Пиглю очень преследует „черная мама“. У нее кошмары, и она допоздна не может заснуть.
„Я не сказала доктору Винникотту о черной маме, потому что он очень занят. Доктор Винникотт очень занят, он был малышкой. Мне было бы страшно говорить доктору В. о черной маме. Он был очень сердитый, он был малышкой. И я тоже была малышкой. Я стесняюсь говорить доктору В. о черной маме“.
Ее главная жалоба насчет черной мамы состоит в том, что она делает Пиглю черной, а потом Пигля делает всех, даже папу, черными.
Прошлой ночью она проснулась, испугавшись черной мамы, и попросила отца дать черной маме изюма (изюм Пигля очень любит).

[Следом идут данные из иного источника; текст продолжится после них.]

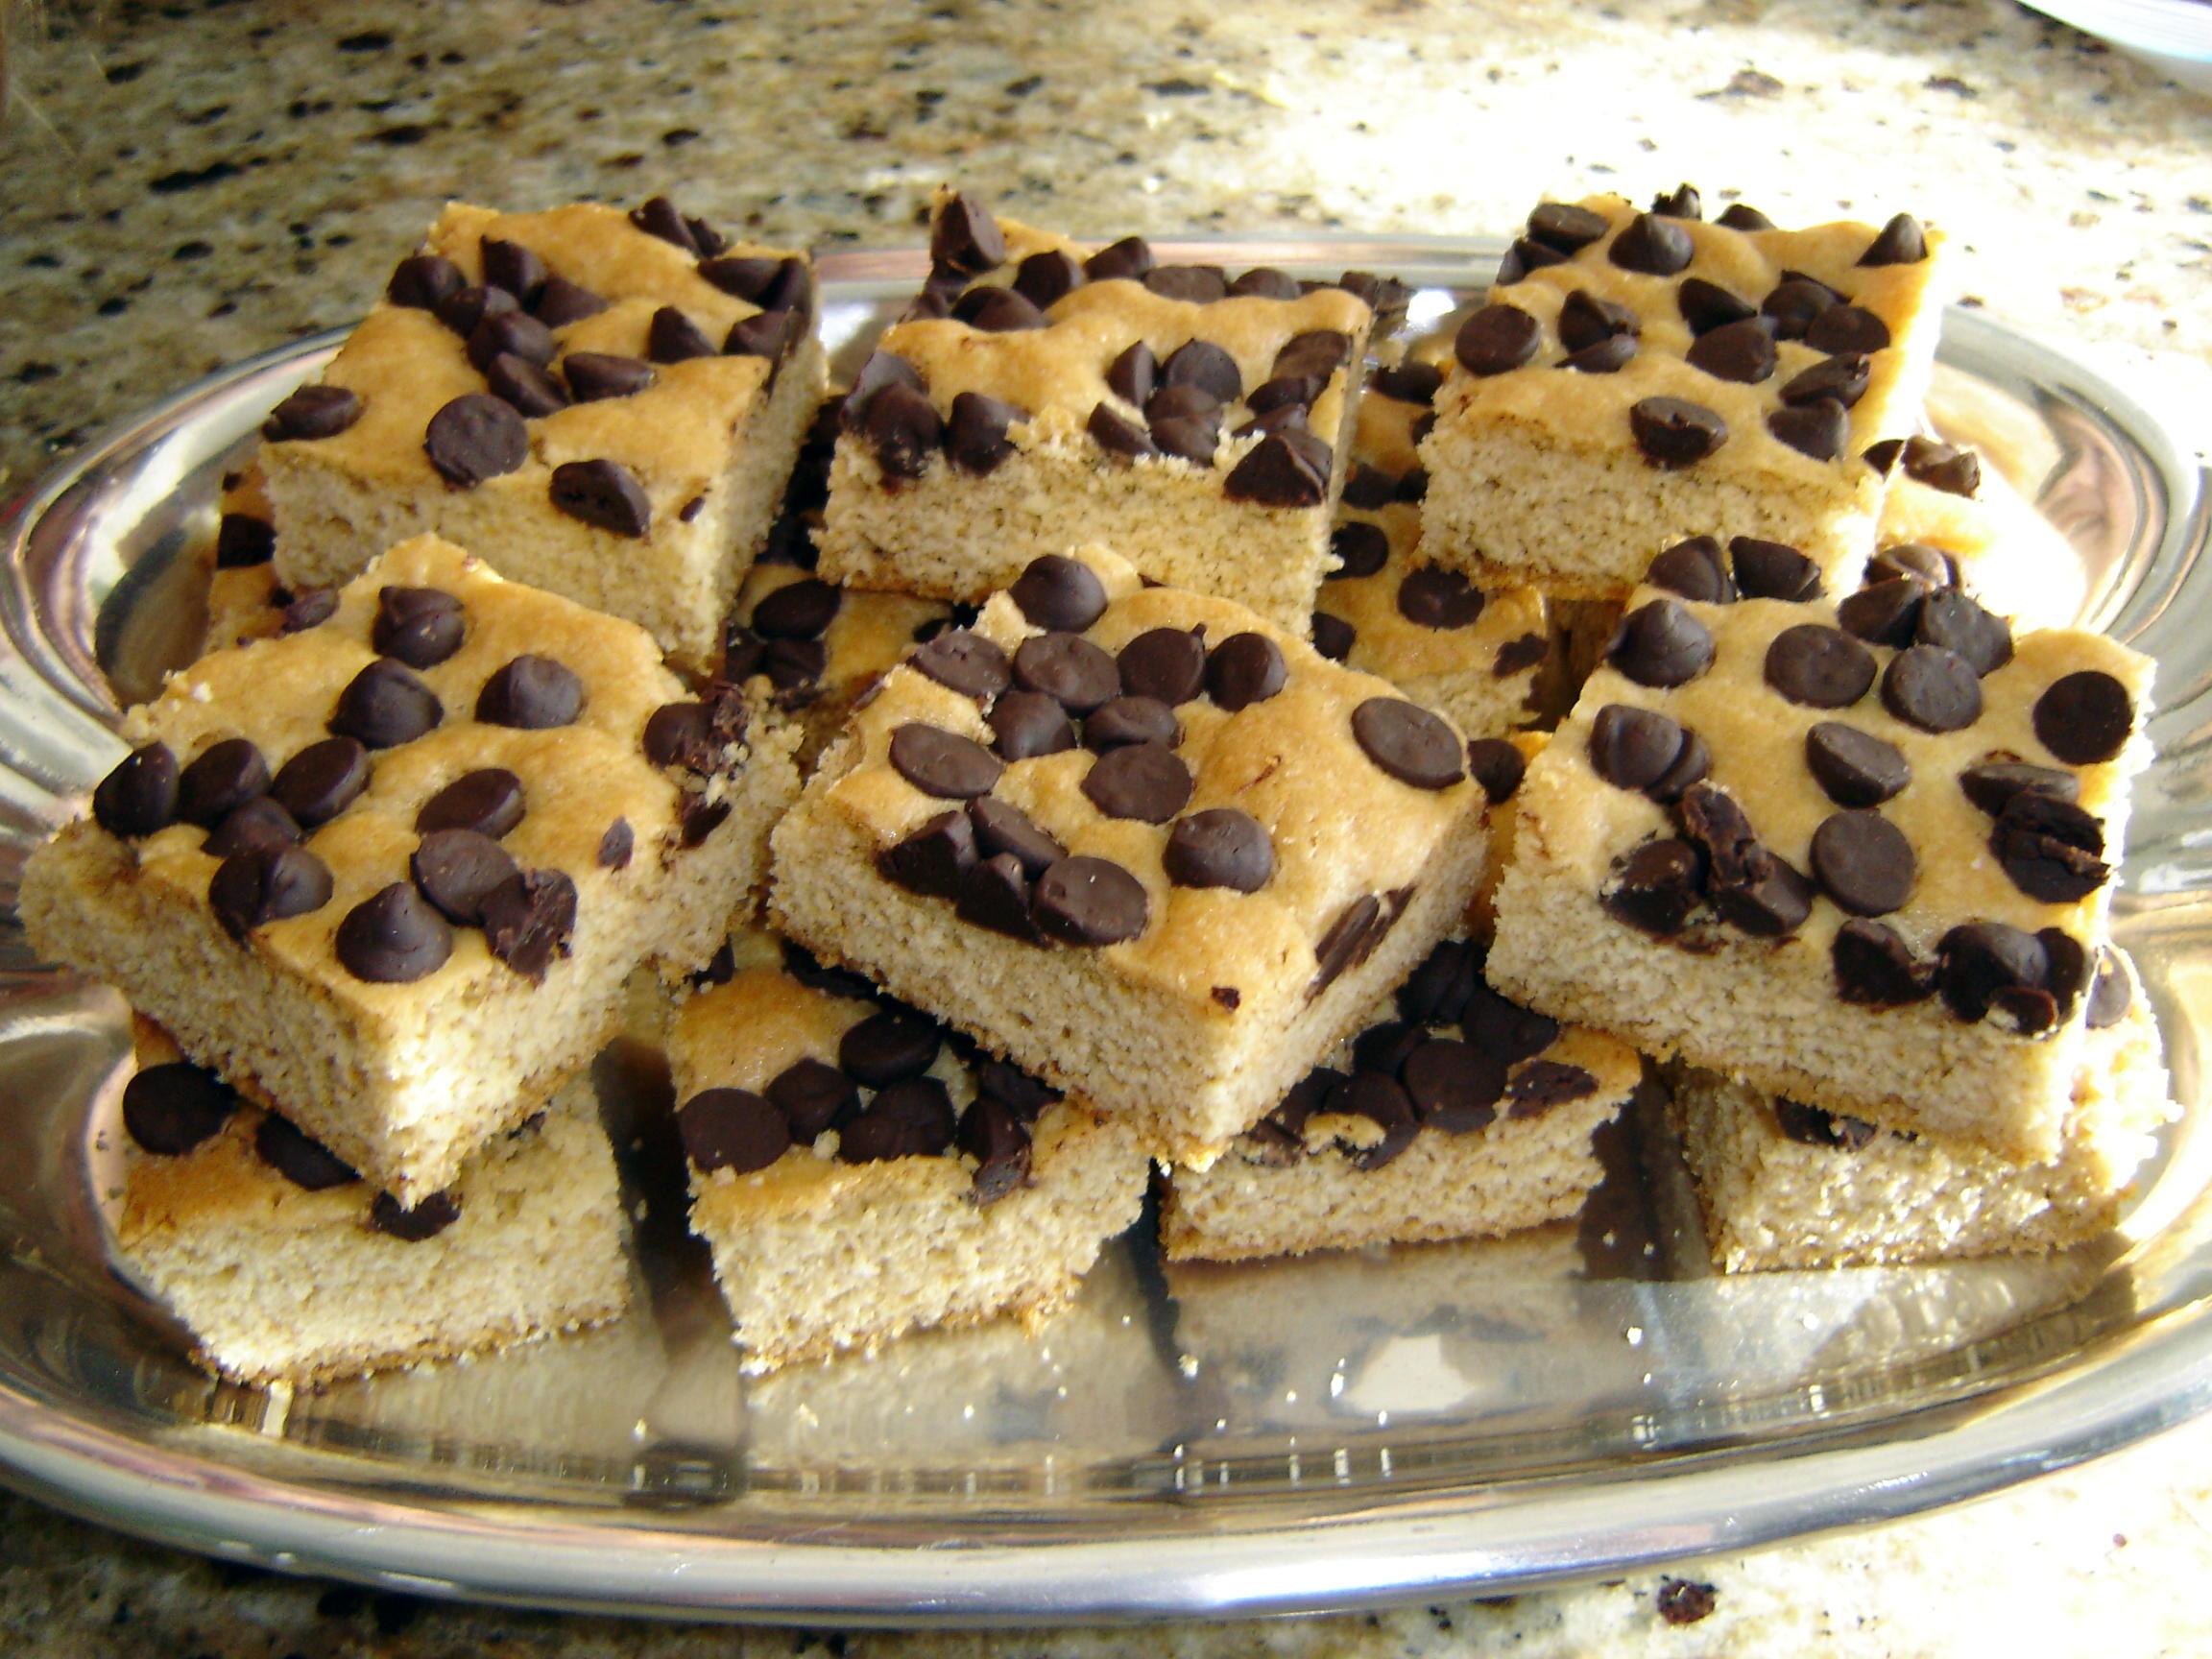 Bisquick Chocolate Chip Bars Recipe

Она проснулась также, напугавшись черной Детки-Сузи, которая делает ее черной. (За день до этого она сбила Сусанну с ног, чем вызвала всеобщее осуждение). Черная Детка-Сузи приходит довольно часто, и ей нужно звонить, чтобы она легла спать. (Детка-Сузи – это Сусанна).
Теперь Пигля гораздо реже выступает в качестве мамы или малышки. Она стала намного капризней, когда надо ложиться спать и т.д., но обычно довольно сильно от этого страдает. Есть еще одна вещь: на всех письмах, которые она пишет, и на рисунках, которые она делает, написано „Малышка баблан“; и это надо писать на конвертах. Понятия не имею, что это значит. Думаю, я вам рассказывала, что ребенка Пигли зовут „Габи-Габи“, что, как я думаю, означает „Габриела“, имя, которое произносить она не может. [Мне кажется, что Малышка Гобла (Baby Gobla) (не „баблан“) – это еще один вариант Габриелы, подобно „Гали-Гали“ или „Галли-Галли“ – не знаю, чем эти два варианта отличаются».
Еще одно письмо от матери
«Пигля попросилась к вам на прием, кажется, довольно срочно. Когда я сказала, что, может быть, перед отъездом во Францию на это не хватит времени, она очень разъяренно сказала, что хватит.